Closure/Summary/Conclusion (Tie in Objectives)
Today you were acquainted with Carbon Dioxide (CO2) cars. You discovered the proper record
keeping technique for a neat and organized CO2 car unit notebook. You also took a look at what
materials will be used, as well as, specifications that will be required to follow while designing
and building your car. You gathered ideas from examples of other cars that have been built in
the past. The last thing we discussed as a class was CO2 car terminology.
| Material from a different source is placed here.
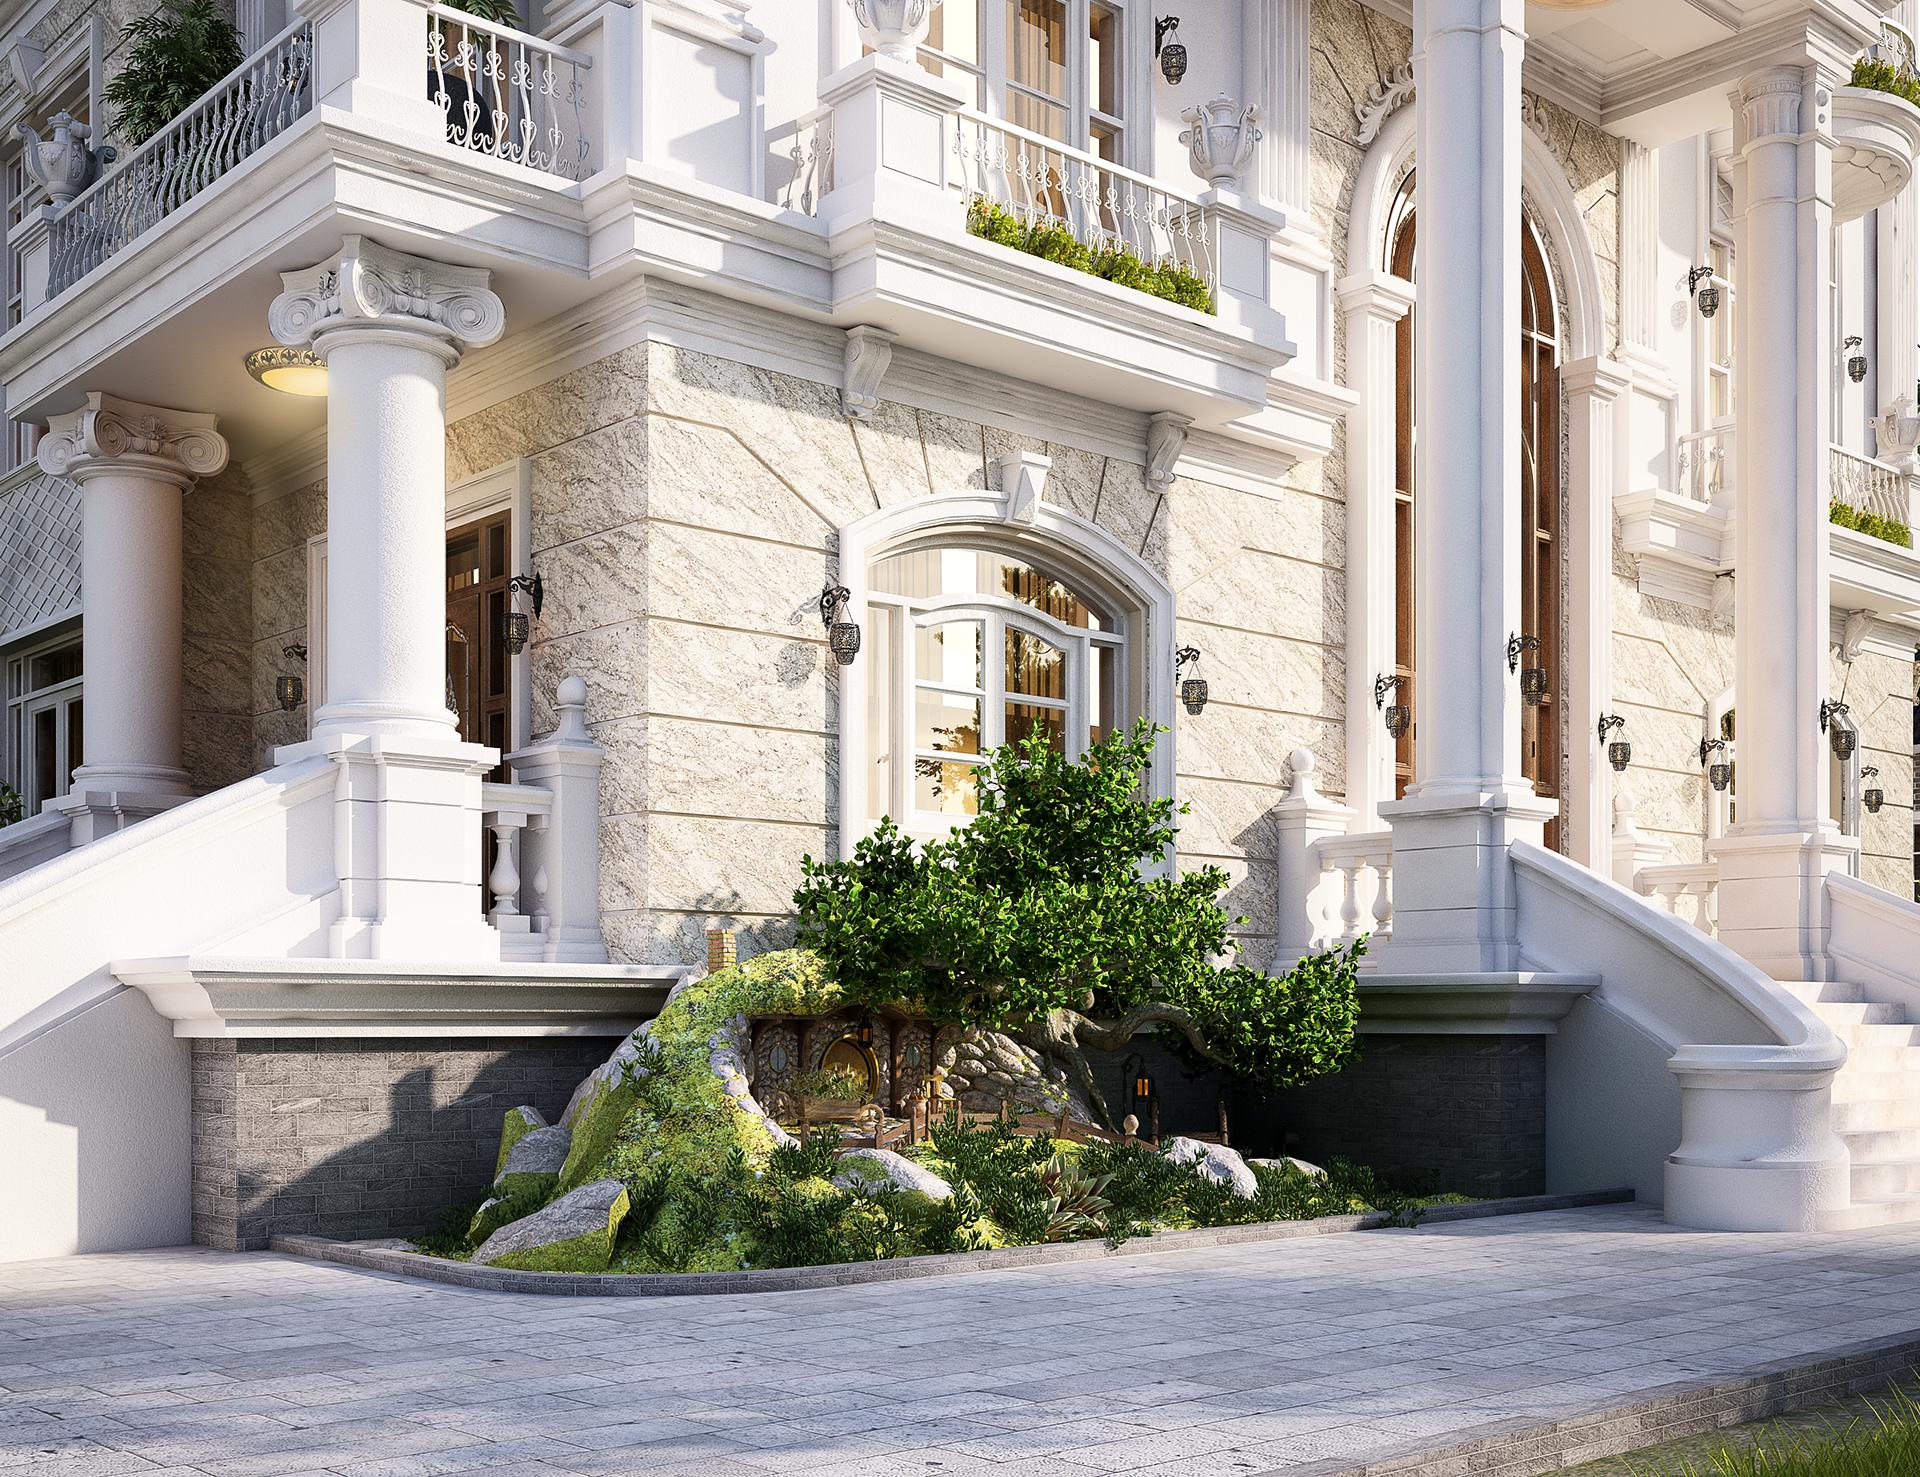 [Giới thiệu] Hình ảnh thiết kế kiến trúc ngoại thất biệt thự tân cổ

We began to
understand what processes were taking place and how we could make a really fast CO2 car.
Evaluation: (Authentic forms of Evaluation, Quizzes, or Written Exam)
1. There will be a quiz next class period over today’s objectives.
Assignments: (Student Activities Involved in Lesson/Designed to Meet Objectives)
1. Students will write a reflection in response to handout 1A (stating three goals for this unit
and two things that they learned today). Students will research Newton’s Third Law in
more depth and write a paragraph of what they discovered with in the paper. The paper
will need to be 1-2 pages in length.
2. Vocabulary Sheet should be kept in your notebook and needs to be completed by the
end the last class of the CO2 car unit. Students can research them or get them during
lecture. We discuss each one and students will be responsible for several of these words
on quizzes and tests.
Lesson Reflection
The lesson went well. I simply laid out expectations for the unit and discussed CO2 Cars
broadly to get them introduced to the unit. We spent a great deal of time on notebook
organization and the importance of not losing anything that they do in this class. We also took a
look at cars students have done in the past. My main purpose of the class was to get them
excited and thinking about type of car they will design and build.
After finishing this class period, I realized that it would have been a great idea to demonstrate the
CO2 cars the students would race. This is why I added it to the lesson as the anticipatory set.
After watching students race their cars at the end of the unit, I realized that if I had demonstrated
two cars racing in the beginning of the unit they would have been more excited and followed
instructions better, which would have allowed them to race earlier. The students loved racing
their cars and took pride in them. I know this would have helped cast the vision more clearly had
I demonstrated the final product at the beginning.